**PROBLEM REQUIREMENTS:** Please keep the images out and set down the data exactly as given.

**DATA BELOW:**
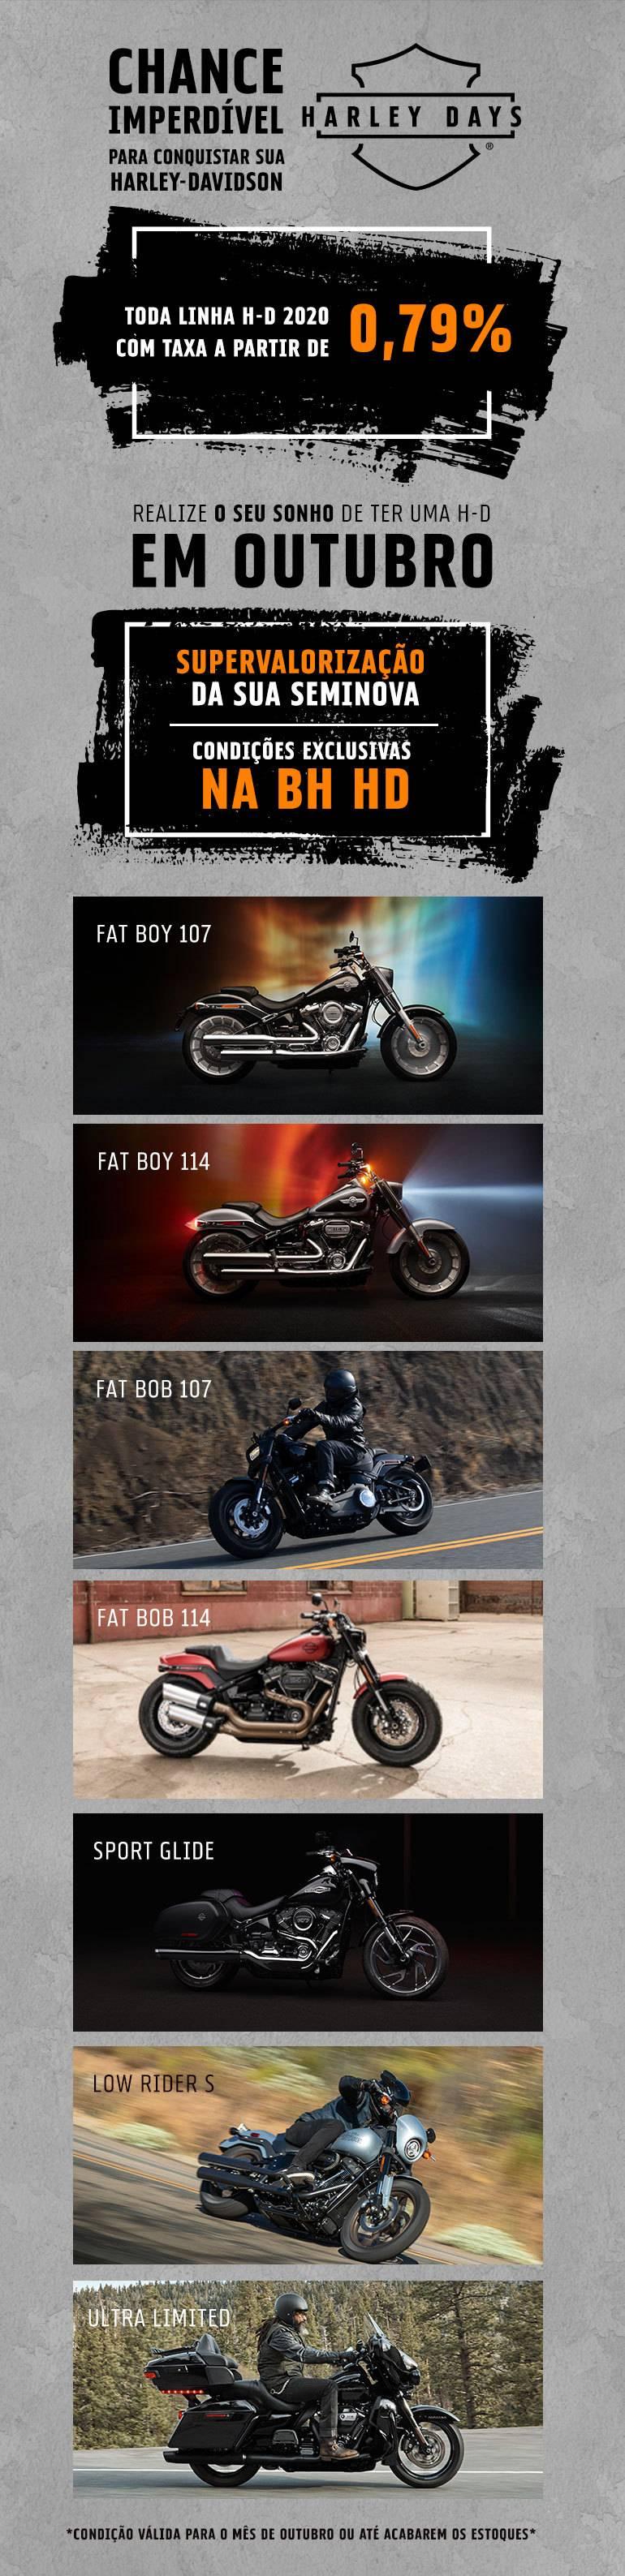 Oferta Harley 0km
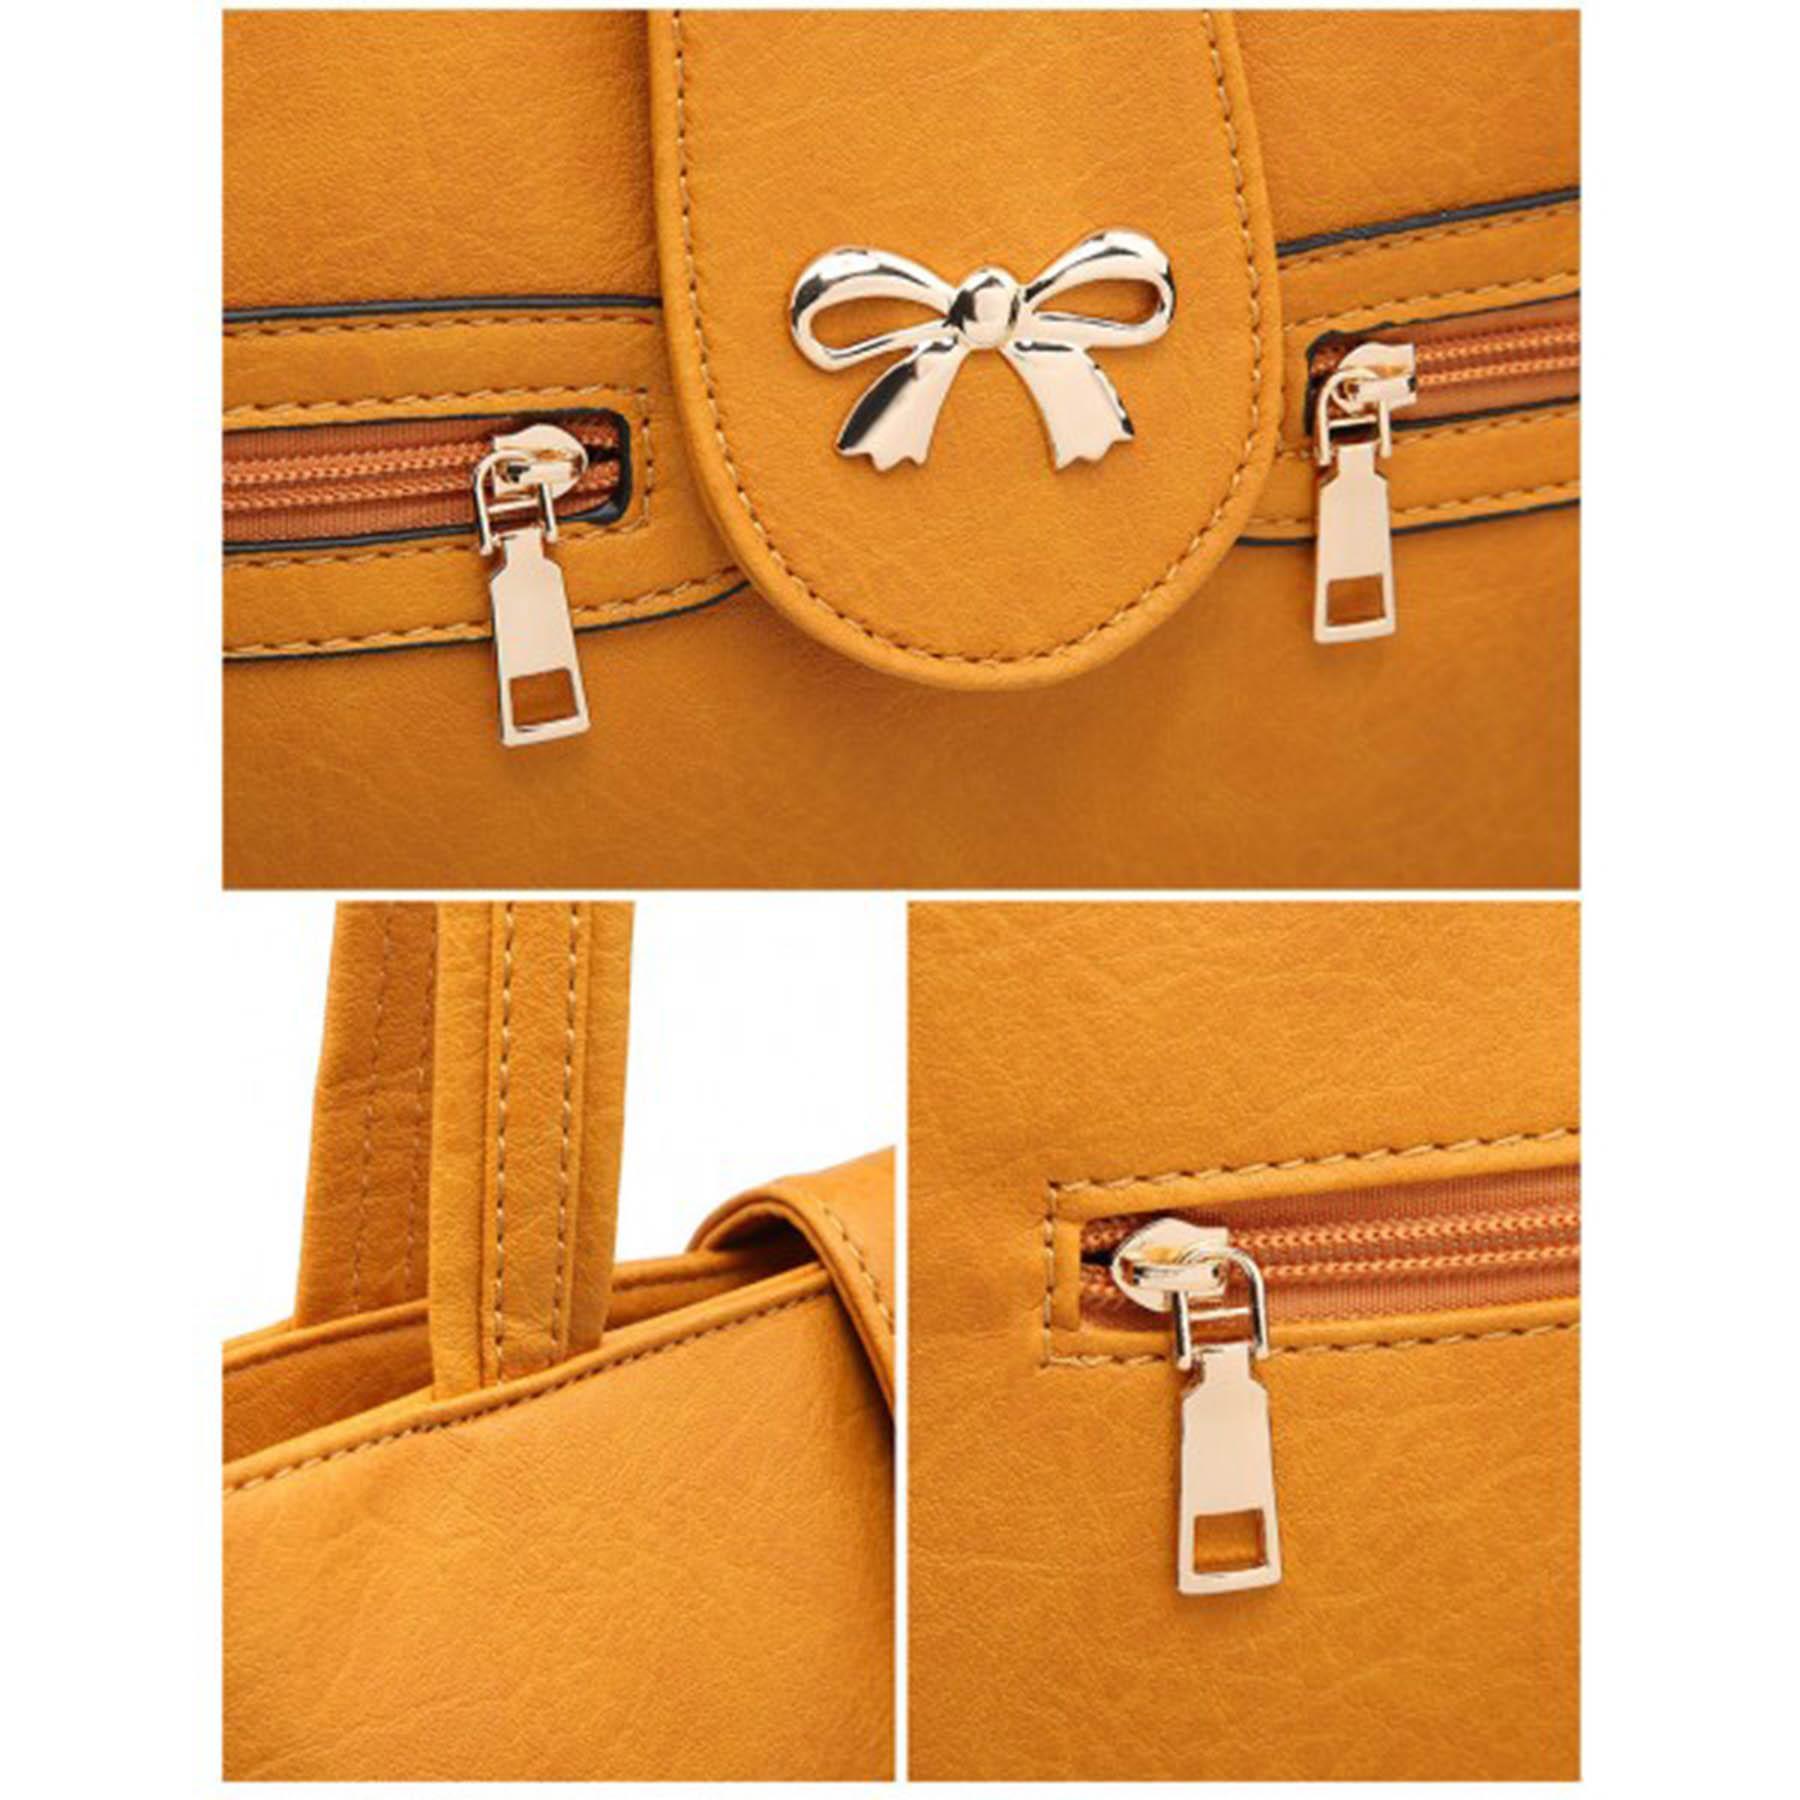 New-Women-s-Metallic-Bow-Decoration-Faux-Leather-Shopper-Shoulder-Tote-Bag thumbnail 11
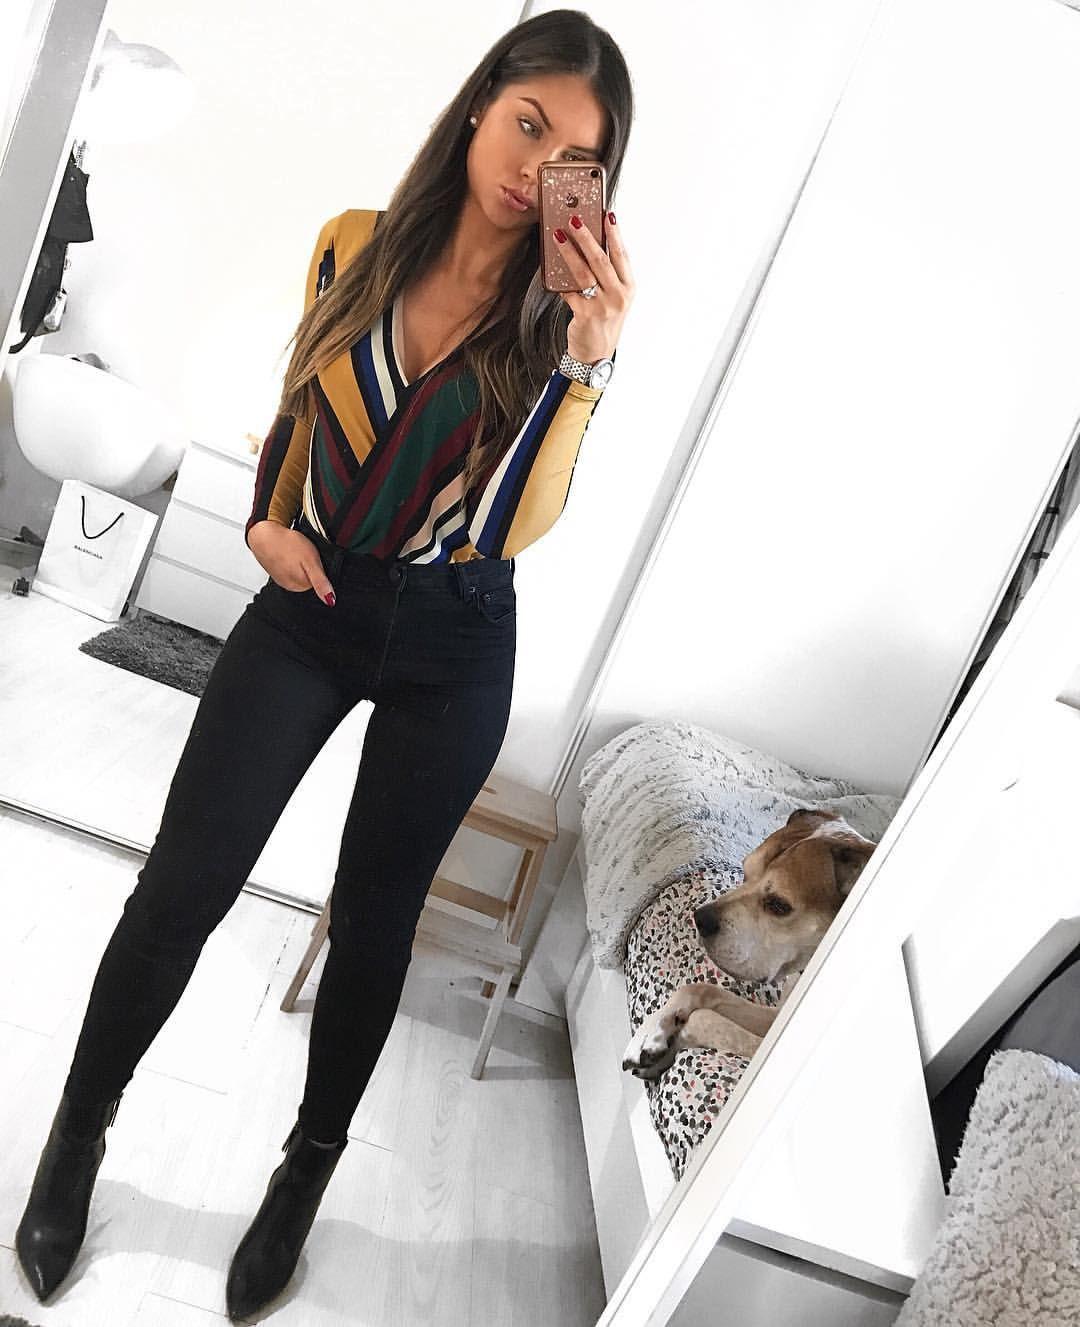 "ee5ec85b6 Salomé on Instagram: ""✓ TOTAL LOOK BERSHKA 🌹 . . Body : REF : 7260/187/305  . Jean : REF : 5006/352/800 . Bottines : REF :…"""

**OUTPUT OF THE TASK:**
 Oferta Harley 0km
 New-Women-s-Metallic-Bow-Decoration-Faux-Leather-Shopper-Shoulder-Tote-Bag thumbnail 11
 "ee5ec85b6 Salomé on Instagram: ""✓ TOTAL LOOK BERSHKA 🌹 . . Body : REF : 7260/187/305  . Jean : REF : 5006/352/800 . Bottines : REF :…"""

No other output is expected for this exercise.